** WORK ORDER **
Copy exactly the lines of the data below that run from the line holding "Sleek Black and Silver Compact Umbrella" through the line holding "Intel Xeon Gold", both ends included.

** DATASET ENTRIES **
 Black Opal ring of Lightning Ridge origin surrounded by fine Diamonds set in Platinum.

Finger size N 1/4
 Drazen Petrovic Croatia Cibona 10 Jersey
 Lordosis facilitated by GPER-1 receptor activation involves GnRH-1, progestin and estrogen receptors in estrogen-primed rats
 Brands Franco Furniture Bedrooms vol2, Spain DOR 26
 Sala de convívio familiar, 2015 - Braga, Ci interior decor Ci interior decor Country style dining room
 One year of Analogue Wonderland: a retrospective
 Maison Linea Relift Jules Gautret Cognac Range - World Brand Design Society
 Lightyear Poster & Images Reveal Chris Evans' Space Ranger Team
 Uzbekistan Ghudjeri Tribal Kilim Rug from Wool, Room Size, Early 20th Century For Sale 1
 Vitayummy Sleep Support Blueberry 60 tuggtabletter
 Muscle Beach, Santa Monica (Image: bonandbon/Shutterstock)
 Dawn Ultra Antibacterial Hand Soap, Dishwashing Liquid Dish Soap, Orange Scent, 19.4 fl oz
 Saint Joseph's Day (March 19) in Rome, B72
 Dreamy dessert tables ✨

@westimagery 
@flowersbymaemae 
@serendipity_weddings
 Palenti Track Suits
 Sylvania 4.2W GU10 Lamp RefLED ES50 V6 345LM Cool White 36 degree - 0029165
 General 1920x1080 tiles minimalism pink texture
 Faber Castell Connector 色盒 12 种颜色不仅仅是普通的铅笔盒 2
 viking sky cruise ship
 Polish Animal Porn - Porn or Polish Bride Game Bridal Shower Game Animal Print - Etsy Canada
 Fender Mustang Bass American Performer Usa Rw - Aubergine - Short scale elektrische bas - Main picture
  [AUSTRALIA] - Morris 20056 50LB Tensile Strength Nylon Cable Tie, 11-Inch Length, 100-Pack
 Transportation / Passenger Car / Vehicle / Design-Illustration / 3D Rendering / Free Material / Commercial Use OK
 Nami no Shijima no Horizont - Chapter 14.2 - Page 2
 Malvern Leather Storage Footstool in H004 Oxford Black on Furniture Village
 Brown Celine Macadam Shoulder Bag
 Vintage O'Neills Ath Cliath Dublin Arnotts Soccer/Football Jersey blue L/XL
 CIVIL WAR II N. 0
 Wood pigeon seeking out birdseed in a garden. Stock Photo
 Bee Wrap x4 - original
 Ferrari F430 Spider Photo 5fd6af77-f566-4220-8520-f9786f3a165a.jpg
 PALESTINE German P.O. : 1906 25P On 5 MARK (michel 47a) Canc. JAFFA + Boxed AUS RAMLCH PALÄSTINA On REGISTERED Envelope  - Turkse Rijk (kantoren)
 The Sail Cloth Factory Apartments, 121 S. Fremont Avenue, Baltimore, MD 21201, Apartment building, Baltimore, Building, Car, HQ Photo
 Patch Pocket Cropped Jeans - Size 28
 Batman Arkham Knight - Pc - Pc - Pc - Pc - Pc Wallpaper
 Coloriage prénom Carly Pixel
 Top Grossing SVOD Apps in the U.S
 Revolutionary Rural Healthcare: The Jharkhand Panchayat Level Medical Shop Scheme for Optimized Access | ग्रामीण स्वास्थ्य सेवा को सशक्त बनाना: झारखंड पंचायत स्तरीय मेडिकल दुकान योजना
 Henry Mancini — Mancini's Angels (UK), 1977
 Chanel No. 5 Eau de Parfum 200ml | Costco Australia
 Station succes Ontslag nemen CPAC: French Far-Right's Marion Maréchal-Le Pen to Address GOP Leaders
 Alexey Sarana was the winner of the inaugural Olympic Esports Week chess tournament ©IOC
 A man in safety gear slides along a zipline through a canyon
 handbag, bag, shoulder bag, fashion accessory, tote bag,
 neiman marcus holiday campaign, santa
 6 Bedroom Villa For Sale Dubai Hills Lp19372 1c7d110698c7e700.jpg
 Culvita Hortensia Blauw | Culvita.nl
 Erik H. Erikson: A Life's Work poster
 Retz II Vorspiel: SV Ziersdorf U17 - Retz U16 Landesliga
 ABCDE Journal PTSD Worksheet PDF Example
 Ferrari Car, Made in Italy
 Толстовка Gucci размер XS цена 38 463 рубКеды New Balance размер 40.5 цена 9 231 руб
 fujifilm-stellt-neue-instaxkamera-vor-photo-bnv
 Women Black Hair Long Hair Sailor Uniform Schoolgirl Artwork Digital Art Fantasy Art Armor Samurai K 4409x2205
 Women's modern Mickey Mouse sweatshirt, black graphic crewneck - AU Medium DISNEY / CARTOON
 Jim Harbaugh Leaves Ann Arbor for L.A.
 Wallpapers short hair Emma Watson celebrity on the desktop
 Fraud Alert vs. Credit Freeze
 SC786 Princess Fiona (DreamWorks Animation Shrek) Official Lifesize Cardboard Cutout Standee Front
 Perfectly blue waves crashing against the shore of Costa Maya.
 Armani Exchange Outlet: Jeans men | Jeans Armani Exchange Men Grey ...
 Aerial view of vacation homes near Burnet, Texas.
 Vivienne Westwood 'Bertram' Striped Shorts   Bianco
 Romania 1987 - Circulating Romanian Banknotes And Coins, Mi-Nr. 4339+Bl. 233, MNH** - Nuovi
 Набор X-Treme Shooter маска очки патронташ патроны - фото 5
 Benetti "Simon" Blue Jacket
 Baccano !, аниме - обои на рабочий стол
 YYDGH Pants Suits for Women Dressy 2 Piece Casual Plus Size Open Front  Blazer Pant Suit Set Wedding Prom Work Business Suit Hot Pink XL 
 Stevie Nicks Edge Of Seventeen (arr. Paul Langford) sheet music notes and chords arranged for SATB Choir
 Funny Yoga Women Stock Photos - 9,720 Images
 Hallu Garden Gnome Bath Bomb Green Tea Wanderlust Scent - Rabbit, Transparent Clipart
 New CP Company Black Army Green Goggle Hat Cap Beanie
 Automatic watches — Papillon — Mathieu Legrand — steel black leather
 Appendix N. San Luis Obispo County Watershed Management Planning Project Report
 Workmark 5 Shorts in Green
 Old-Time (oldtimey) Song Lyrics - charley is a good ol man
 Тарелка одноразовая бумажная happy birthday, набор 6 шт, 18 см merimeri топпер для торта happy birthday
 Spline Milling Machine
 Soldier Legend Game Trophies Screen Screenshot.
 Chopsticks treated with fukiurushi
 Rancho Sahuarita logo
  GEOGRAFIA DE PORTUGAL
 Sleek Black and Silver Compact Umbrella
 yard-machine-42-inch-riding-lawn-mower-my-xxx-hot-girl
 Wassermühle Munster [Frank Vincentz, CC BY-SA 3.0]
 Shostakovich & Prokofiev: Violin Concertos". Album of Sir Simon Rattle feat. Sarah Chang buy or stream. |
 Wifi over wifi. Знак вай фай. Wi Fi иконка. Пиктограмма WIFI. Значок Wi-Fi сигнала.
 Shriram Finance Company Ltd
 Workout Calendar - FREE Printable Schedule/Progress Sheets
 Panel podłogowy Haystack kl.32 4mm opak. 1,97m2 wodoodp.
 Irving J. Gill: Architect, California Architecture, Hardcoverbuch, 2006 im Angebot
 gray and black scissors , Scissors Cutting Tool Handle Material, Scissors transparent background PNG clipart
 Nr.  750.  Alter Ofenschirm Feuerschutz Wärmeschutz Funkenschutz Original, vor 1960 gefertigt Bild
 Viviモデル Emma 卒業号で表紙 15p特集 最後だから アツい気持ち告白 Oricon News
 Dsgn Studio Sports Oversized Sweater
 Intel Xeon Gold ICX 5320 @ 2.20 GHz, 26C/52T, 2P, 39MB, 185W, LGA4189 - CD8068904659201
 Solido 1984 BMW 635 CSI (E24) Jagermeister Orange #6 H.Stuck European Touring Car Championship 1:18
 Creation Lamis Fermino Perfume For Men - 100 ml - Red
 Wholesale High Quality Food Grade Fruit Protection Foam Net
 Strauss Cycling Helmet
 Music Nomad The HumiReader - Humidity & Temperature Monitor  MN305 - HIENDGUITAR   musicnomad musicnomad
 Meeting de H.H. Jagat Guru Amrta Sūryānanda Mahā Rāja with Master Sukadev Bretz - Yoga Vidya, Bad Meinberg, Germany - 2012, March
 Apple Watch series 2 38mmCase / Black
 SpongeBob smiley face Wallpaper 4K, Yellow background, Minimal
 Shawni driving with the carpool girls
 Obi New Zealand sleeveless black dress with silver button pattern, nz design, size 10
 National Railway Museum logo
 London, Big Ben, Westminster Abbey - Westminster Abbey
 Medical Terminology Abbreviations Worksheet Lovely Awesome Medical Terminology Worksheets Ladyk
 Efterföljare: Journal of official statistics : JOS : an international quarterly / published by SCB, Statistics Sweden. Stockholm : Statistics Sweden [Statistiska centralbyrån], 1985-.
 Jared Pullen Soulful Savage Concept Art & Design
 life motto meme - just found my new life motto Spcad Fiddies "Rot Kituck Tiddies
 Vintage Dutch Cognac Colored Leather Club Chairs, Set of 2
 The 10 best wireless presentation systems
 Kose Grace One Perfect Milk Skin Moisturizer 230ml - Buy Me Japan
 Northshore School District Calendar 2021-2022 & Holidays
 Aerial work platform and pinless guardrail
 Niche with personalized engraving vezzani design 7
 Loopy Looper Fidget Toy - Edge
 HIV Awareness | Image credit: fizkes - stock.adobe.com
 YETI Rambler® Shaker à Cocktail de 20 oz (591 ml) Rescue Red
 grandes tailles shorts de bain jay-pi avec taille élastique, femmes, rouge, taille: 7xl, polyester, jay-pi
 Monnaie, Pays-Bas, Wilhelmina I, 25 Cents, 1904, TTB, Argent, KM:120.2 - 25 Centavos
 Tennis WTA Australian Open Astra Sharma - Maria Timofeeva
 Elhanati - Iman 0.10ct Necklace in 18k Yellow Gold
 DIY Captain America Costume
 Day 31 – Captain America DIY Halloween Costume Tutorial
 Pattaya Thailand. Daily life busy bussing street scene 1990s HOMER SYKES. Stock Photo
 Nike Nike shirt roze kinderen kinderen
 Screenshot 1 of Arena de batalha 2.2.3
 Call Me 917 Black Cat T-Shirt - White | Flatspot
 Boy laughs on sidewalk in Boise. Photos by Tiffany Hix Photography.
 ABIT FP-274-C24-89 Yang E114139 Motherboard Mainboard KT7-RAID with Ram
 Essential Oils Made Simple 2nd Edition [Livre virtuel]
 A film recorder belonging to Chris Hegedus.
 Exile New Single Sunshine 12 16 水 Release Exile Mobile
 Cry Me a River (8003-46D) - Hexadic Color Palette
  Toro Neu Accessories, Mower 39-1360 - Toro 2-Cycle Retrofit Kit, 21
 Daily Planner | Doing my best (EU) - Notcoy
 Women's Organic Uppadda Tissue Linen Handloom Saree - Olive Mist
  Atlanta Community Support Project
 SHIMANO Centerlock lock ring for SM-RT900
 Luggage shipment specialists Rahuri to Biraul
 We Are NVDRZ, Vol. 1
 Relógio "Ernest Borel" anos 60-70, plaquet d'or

** OUTPUT OF THE EXERCISE **
 Sleek Black and Silver Compact Umbrella
 yard-machine-42-inch-riding-lawn-mower-my-xxx-hot-girl
 Wassermühle Munster [Frank Vincentz, CC BY-SA 3.0]
 Shostakovich & Prokofiev: Violin Concertos". Album of Sir Simon Rattle feat. Sarah Chang buy or stream. |
 Wifi over wifi. Знак вай фай. Wi Fi иконка. Пиктограмма WIFI. Значок Wi-Fi сигнала.
 Shriram Finance Company Ltd
 Workout Calendar - FREE Printable Schedule/Progress Sheets
 Panel podłogowy Haystack kl.32 4mm opak. 1,97m2 wodoodp.
 Irving J. Gill: Architect, California Architecture, Hardcoverbuch, 2006 im Angebot
 gray and black scissors , Scissors Cutting Tool Handle Material, Scissors transparent background PNG clipart
 Nr.  750.  Alter Ofenschirm Feuerschutz Wärmeschutz Funkenschutz Original, vor 1960 gefertigt Bild
 Viviモデル Emma 卒業号で表紙 15p特集 最後だから アツい気持ち告白 Oricon News
 Dsgn Studio Sports Oversized Sweater
 Intel Xeon Gold ICX 5320 @ 2.20 GHz, 26C/52T, 2P, 39MB, 185W, LGA4189 - CD8068904659201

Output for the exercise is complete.